### DATA BLOCK
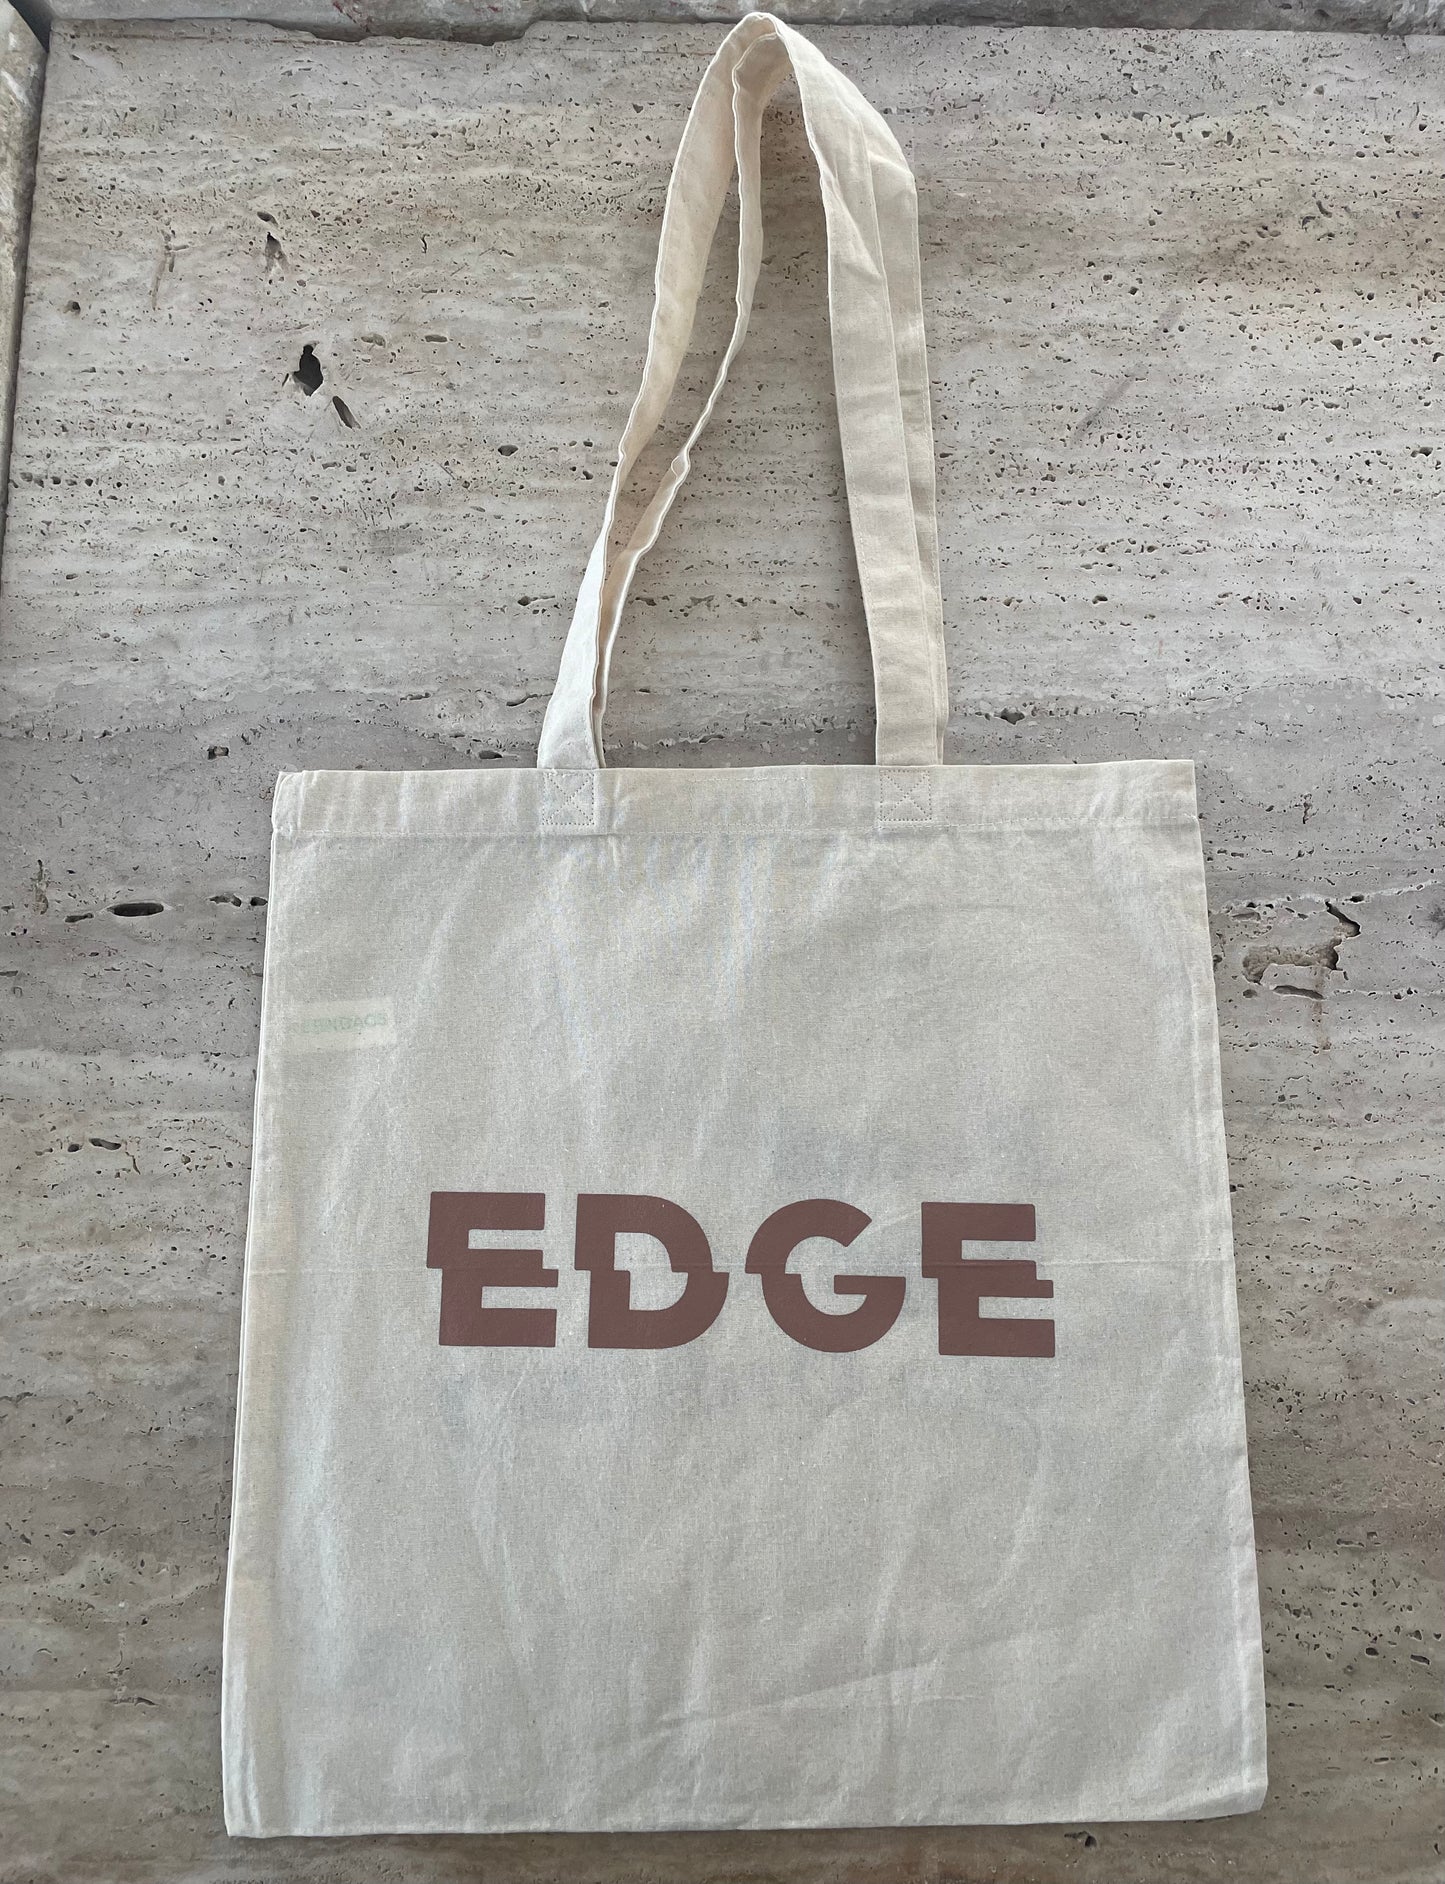 EDGE Reusable Tote Bags
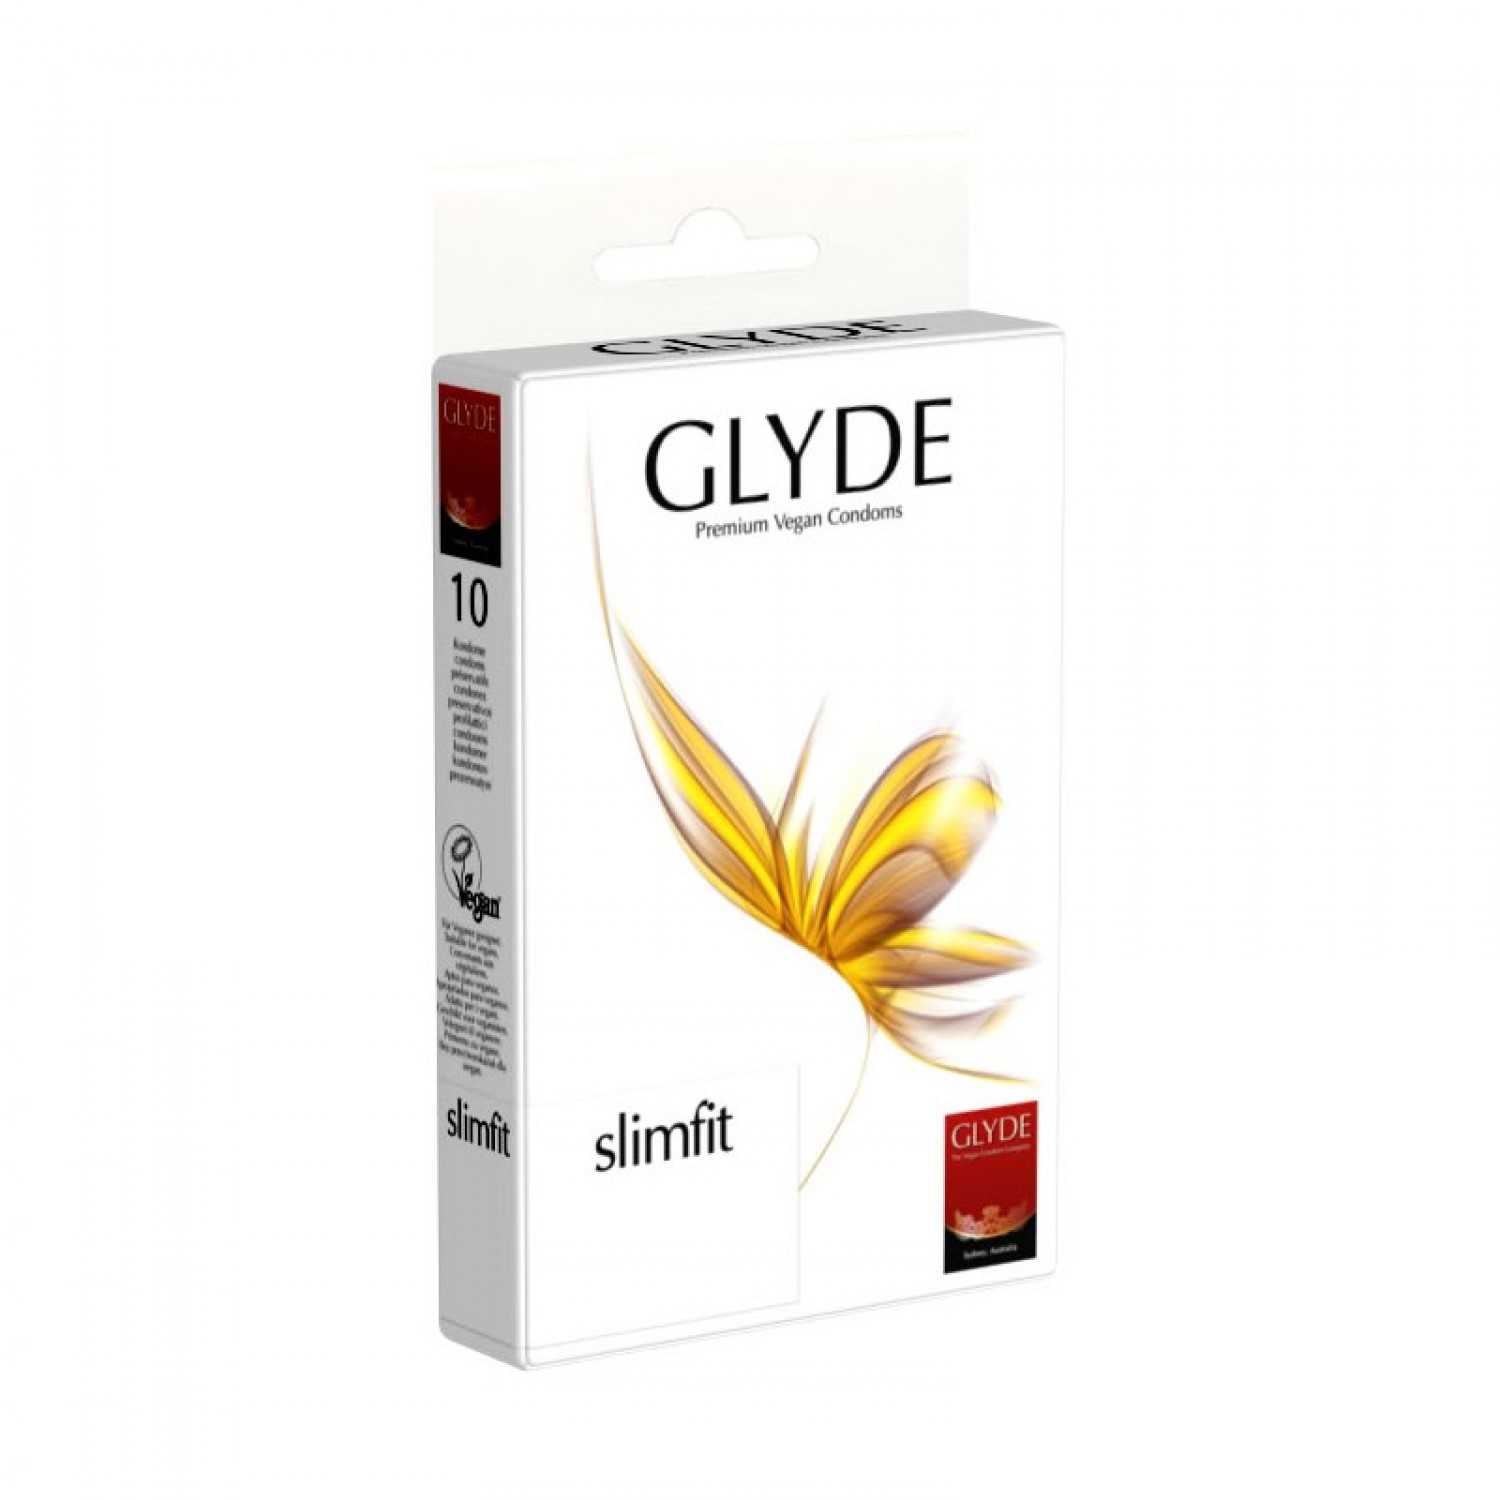 Vegan Condoms Slimfit of Natural Rubber Latex | Glyde
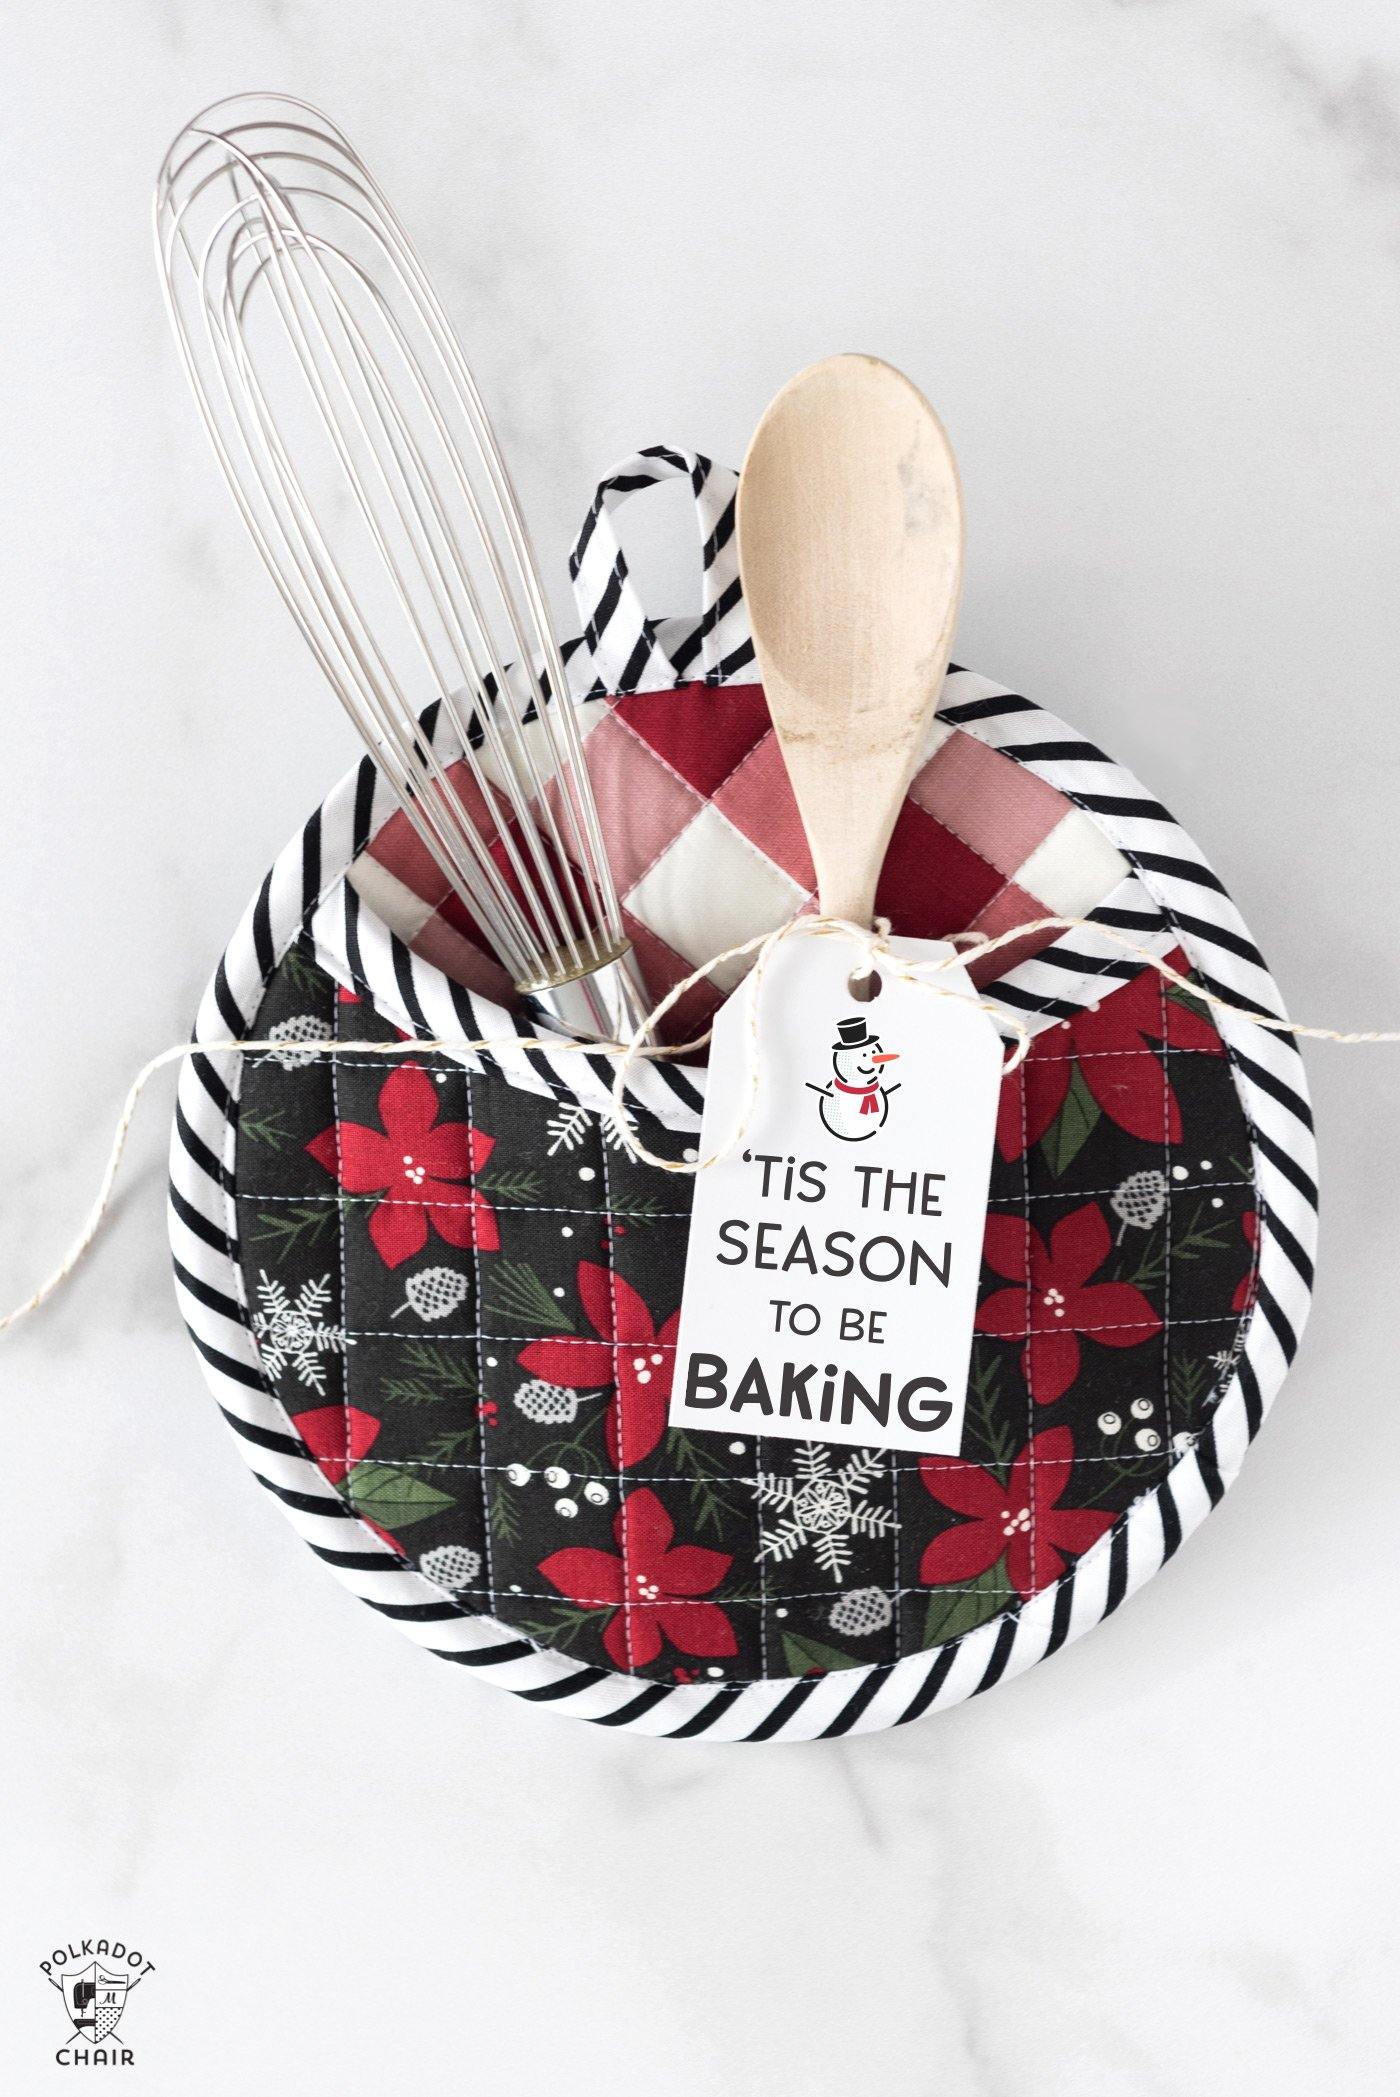 Free Printable Christmas Baking Gift Tags - The Polka Dot Chair
######
**TASK TO CARRY OUT**
All of the lines above should be retyped precisely, apart from the pictures.

**SOLVED PROBLEM**
 EDGE Reusable Tote Bags
 Vegan Condoms Slimfit of Natural Rubber Latex | Glyde
 Free Printable Christmas Baking Gift Tags - The Polka Dot Chair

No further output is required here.